Notes on table of variants:

  • There are many fewer samples in the TGP (~2,500) than in the gnomAD genomes (~15,000) or exomes (~120,000), so many rare variants seen in the gnomAD datasets are not seen at all in the TGP — one advantage of the TGP data is that it categorizes subjects into narrower populations, so may reveal alleles that have much greater frequency in specfic populations. See for example ClinVar Allele 20316 — a duplication in HPS1 associated with Hermansky-Pudlak syndrome, and which has much higher frequency in Puerto Ricans than in other TGP populations or in the broader gnomAD populations; see screengrabs from https://www.ncbi.nlm.nih.gov/variation/tools/1000genomes/?gts=rs281865163 and http://gnomad.broadinstitute.org/variant/10-100183554-T-TGGGCCTCCCCTGCTGG below:
 
 

gnomAD exomes   gnomAD genomes

  • There do not appear to be many other variants with the same flavor as that HPS1 example, though: only two other duplications in the table below appear in TGP at all, and although those are likewise enriched in specific populations, both are duplications of length just one.
  • Clicking on a column heading will sort by that column, and filters can be applied to individual columns (sliders, multiple-choice, or text-matching, as appropriate).

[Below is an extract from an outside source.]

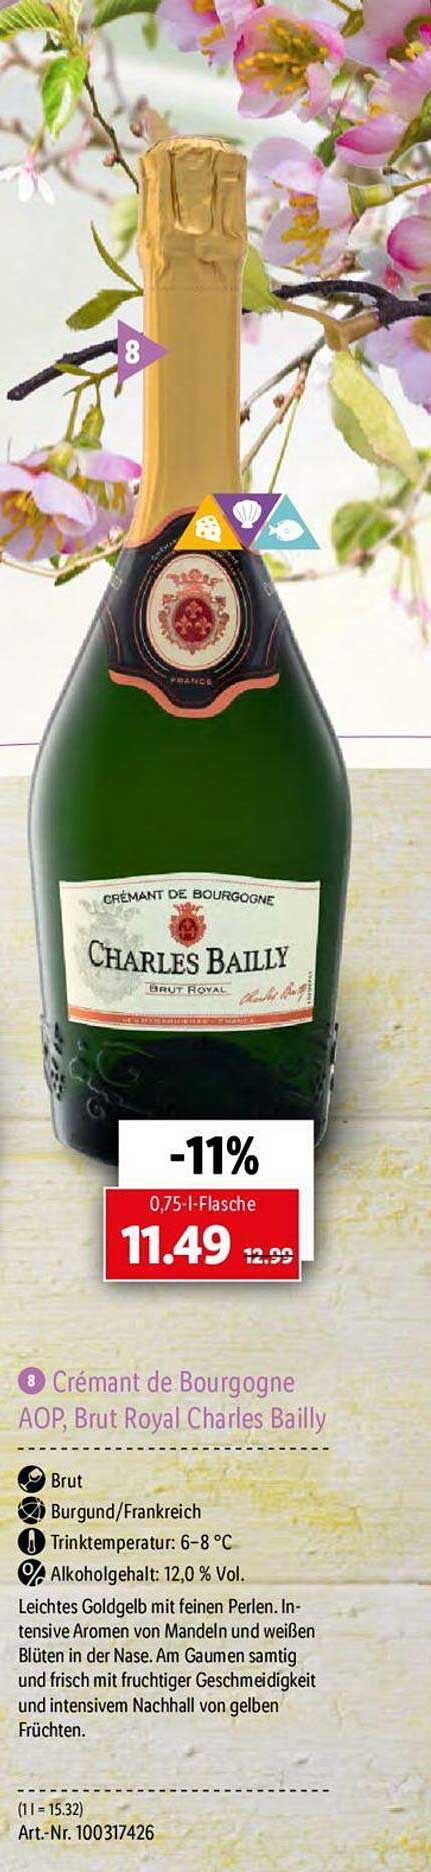 Cremant De Bourgogne Aop Charles bei Brut Royal Angebot Bailly Lidl

E.g., one can set the slider for the INS_LEN column to restrict to duplications of length 4 to 20. Click on the circled-x in a filter box to cancel a filter. The main “Search” box applies to all columns; it is case-sensitive and allows regular expressions in JavaScript syntax — e.g. entering (TCAP|HPS1|HEXA|DOK7) in the search box would match any of those four strings, and entering (M|m)usc would match Muscle, muscle, Muscular, muscular,…
  • Clicking the “CSV” or “Excel” button will save the table as a comma-separated file of an xlsx file, both of which can be opened in Excel; you may want to change the CONTEXT column to a monospace font such as “Courier”, so that when you double-click on an entry the multiple rows from the CONTEXT field can line-up properly as in the screengrab below (which may have used a different PAM-list, so the details of the tracks may differ):
 
 

 

Table 3: selected pathogenic duplications from ClinVar that are observed in gnomAD

 

   

What are we missing out on by only looking at the “coding” regions (exome_calling_regions.v1.interval_list) in the gnomAD genomes?

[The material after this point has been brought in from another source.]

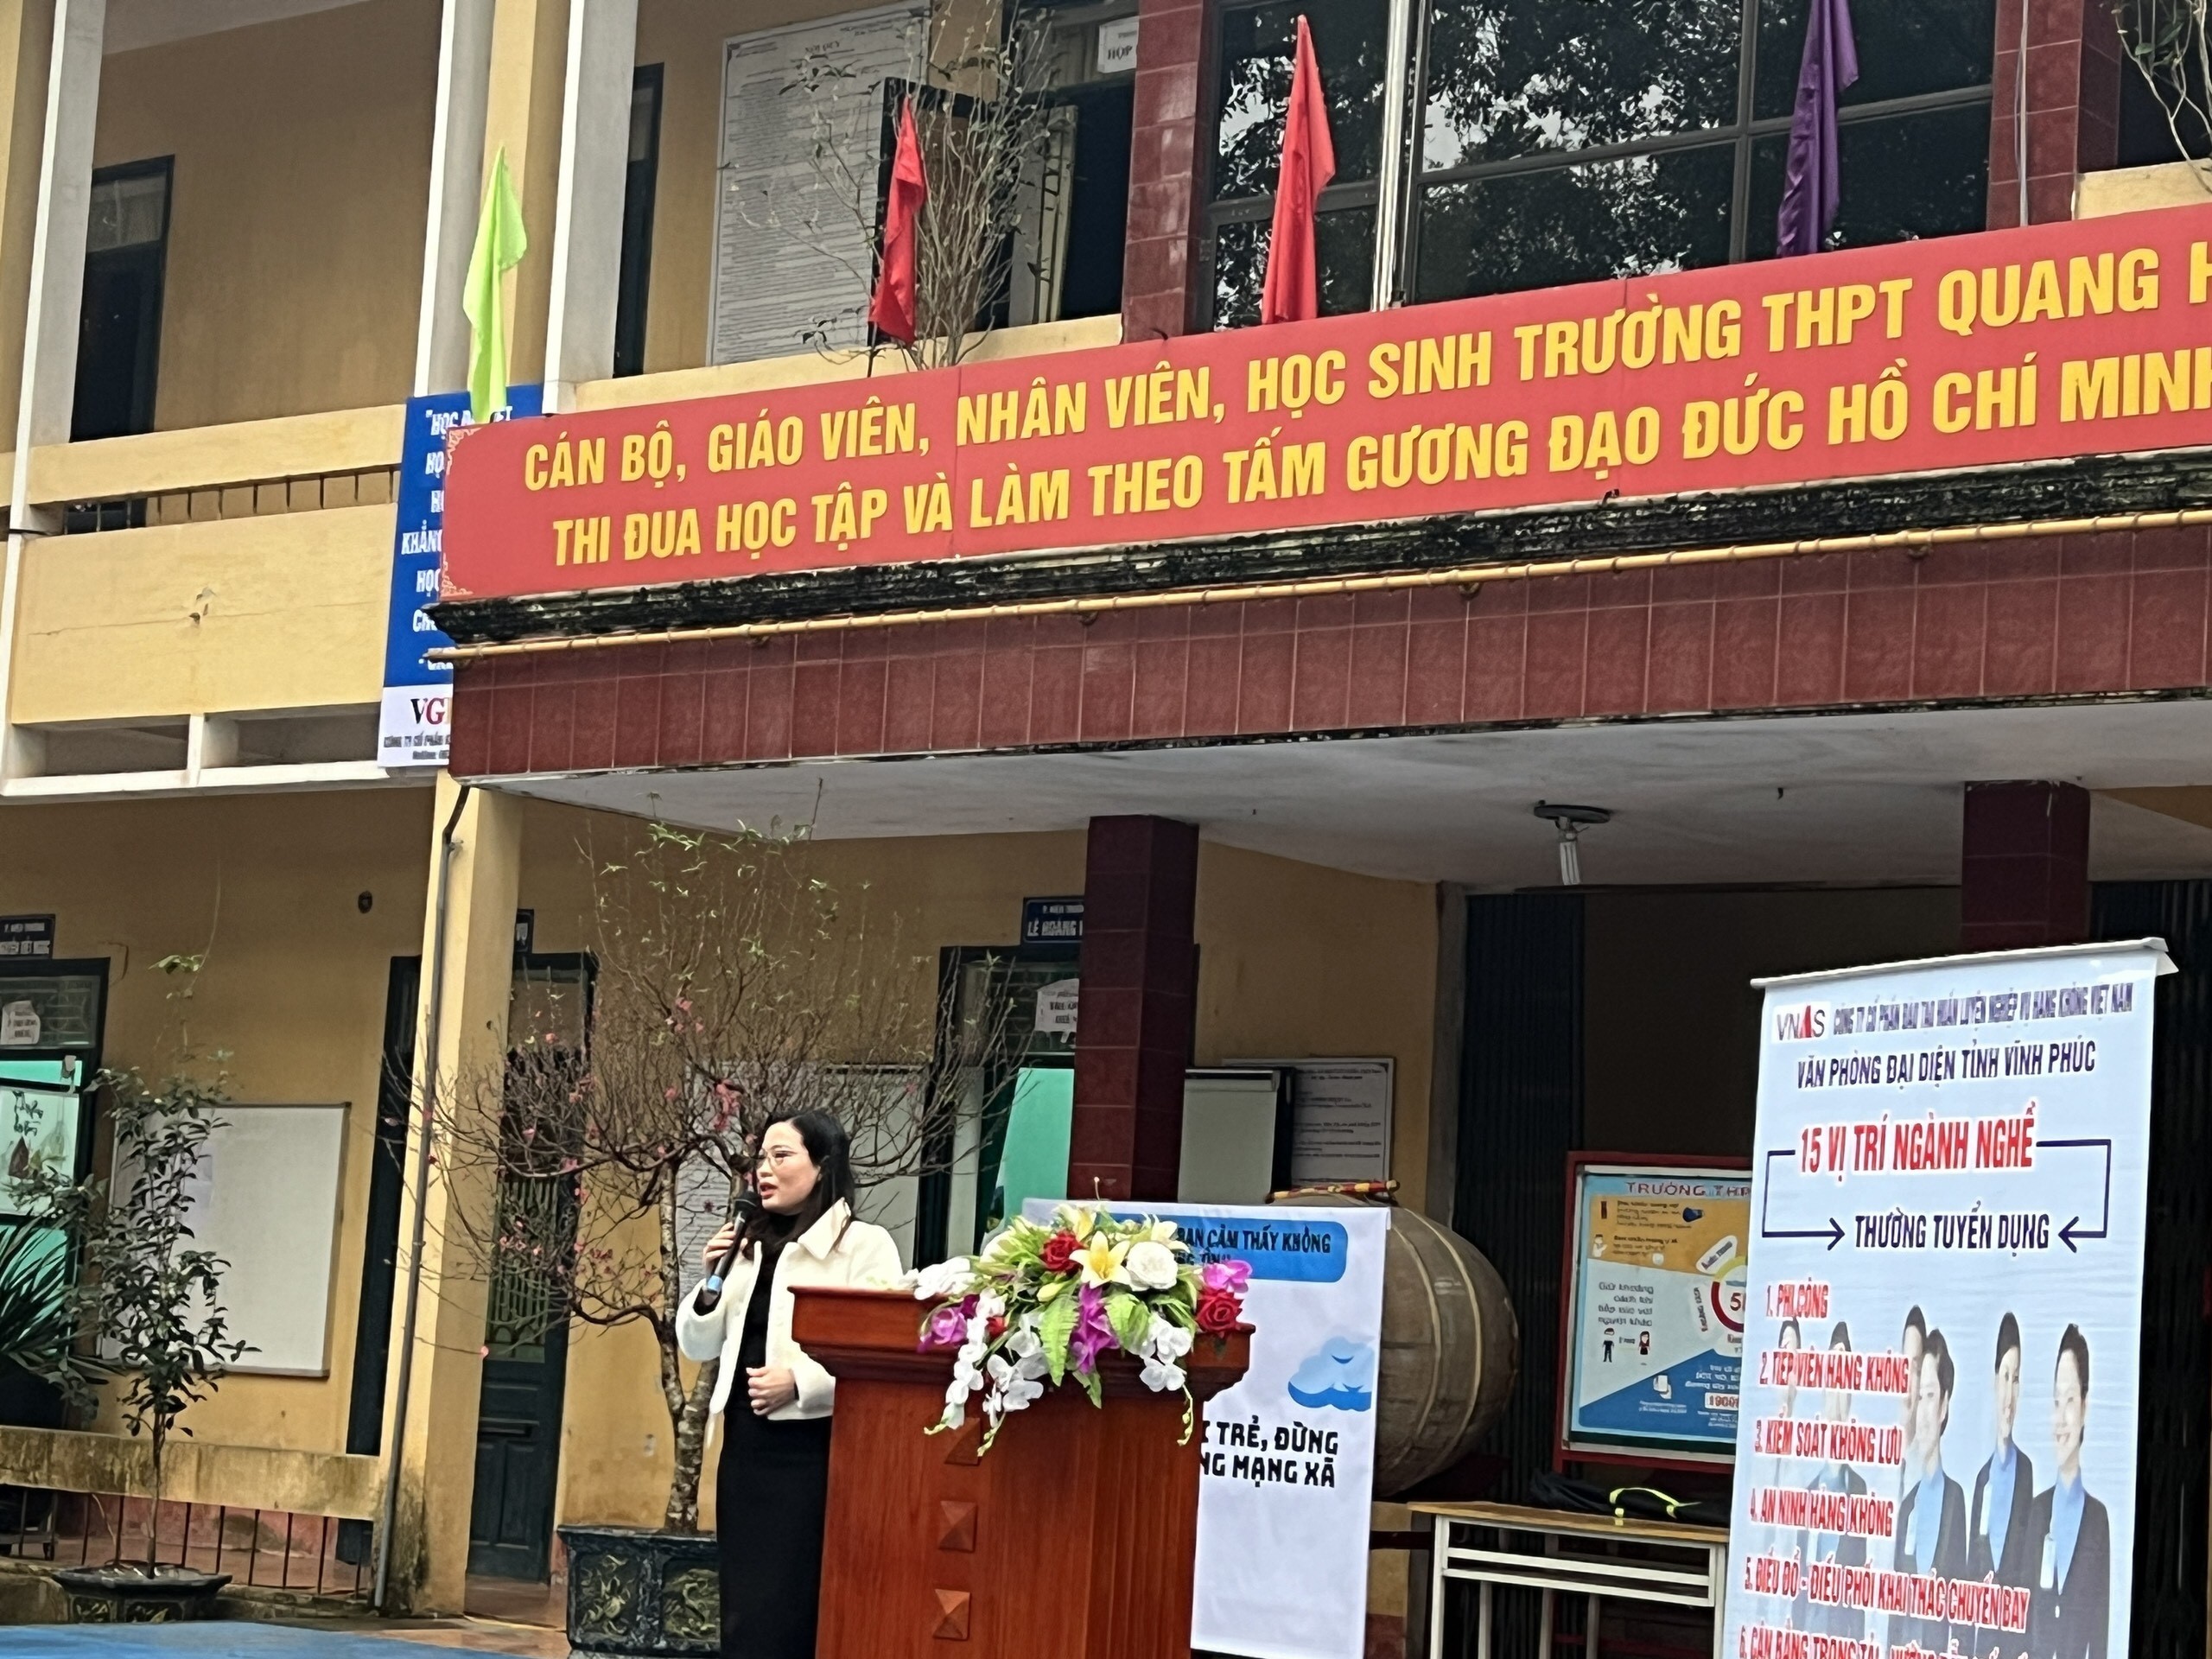 TT Huấn luyện bay-Định hướng nghề nghiệp cho học sinh trường THPT Quang Hà, Vĩnh Phúc

A lot of duplications, no doubt — perhaps around 98% of them — but it does not appear that any of these are annotated as “Pathogenic” in ClinVar. Certainly there are many variants listed in ClinVar that are not observed in either the gnomAD genomes or exomes, so are not accounted for in the table above, and this includes 2189 duplications that satisfy all the additional conditions for being in column dup2iP above. But 2183 of these are in these “coding” intervals, so if the variants had been observed at all in gnomAD they would have been reported in these vcfs. For the 6 that are not within these intervals, one can check for them in the full (not-just-coding-intervals) gnomAD and TGP vcfs — they are not observed there either. These variants are listed below; they are mainly variants in UTRs or in intronic regions >50 bases from the nearest exons (and hence not in the “coding” intervals list).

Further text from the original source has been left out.